I never cease to wonder at the knotted complexity of the mother-daughter relationship, even among happy, well-adjusted people, and the primal yearning for warmth and nurturance we carry with us into old age, even to the edge of death. Based on their feelings for Rose, the power shifts back and forth between the two protagonists. Diana knows Rose to have been perverse and evil; Cordelia continues to see her as a wellspring of love. But Cordelia was beside Rose in her final days and, despite everything, Diana has a desperate need to understand her mother's thoughts.

This is the first play I've seen in the Arvada Center's new black box theater, and I was disappointed to find it a large, characterless room rather than the intimate space I'd imagined. Squall really needs that kind of space, which would accentuate the play's claustrophobic action and keep the focus unrelentingly on the two trapped characters.

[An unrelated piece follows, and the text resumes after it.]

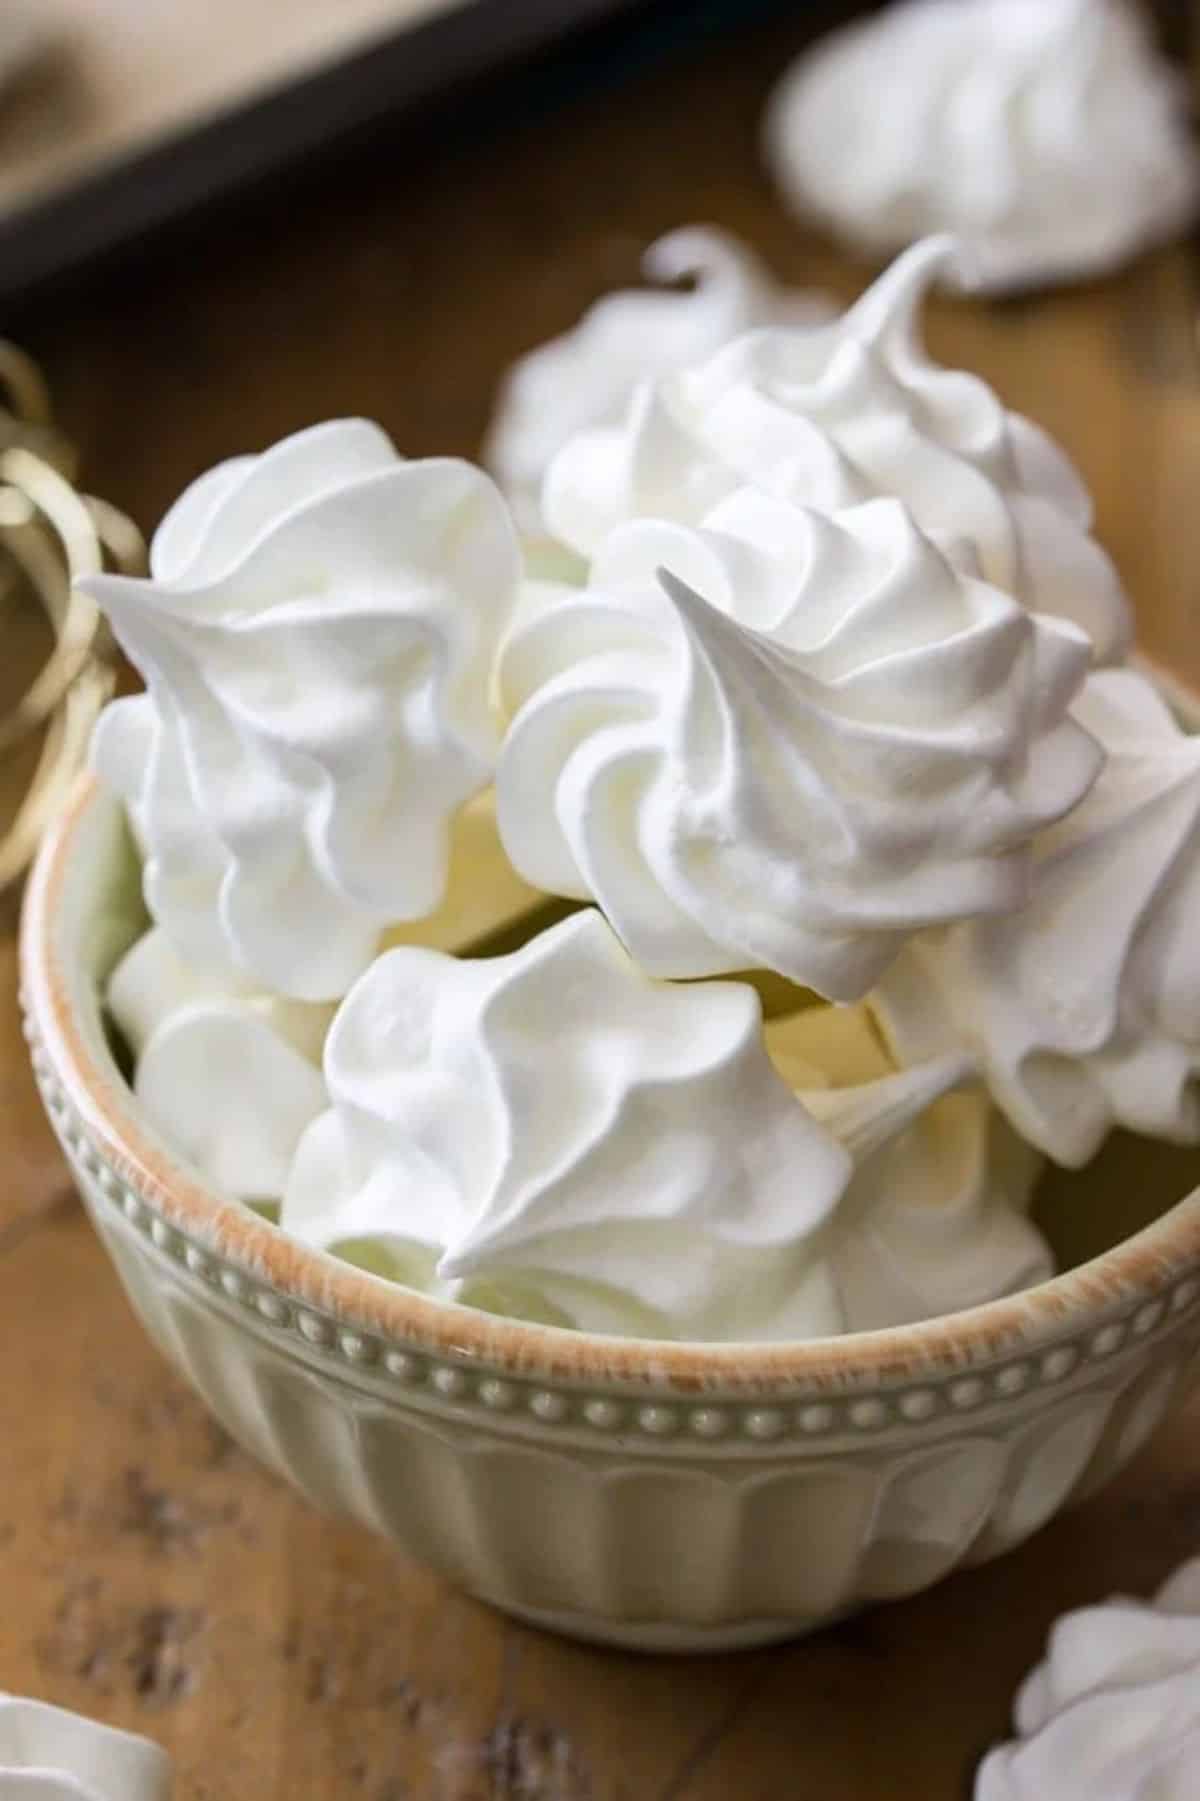 Meringue cookies in a small gray bowl.

Still, under Billie McBride's direction, this Modern Muse production is riveting -- largely because of the inspired performances of Martha Harmon Pardee and Karen LaMoureaux, who work beautifully both individually and together. Pardee gives Diana an iron control that makes her eventual breakdown particularly shocking. Cordelia is a difficult role because the character is always in la-la land; what she says is evocative, but almost never makes literal sense. This sameness is a flaw in the writing, and it makes LaMoureaux's performance hard to watch at times. After all, people suffering from mental illness do make sense intermittently; that's why their lapses back into insanity are so troubling. But there's one marvelously written and acted moment of role reversal when Diana seems to flip into madness and Cordelia, forced to become the comforter, is almost -- almost -- shocked into sanity. She urges Diana to take a deep breath. She offers distractions -- weeding the garden (despite the storm outside), cooking. "Let's julienne," she pleads. Overall, LaMoureaux's performance is a wonder, so honest, naked, sad and frightening that I took it out into the night after the play was over, and it remained in my thoughts later as I drifted into sleep.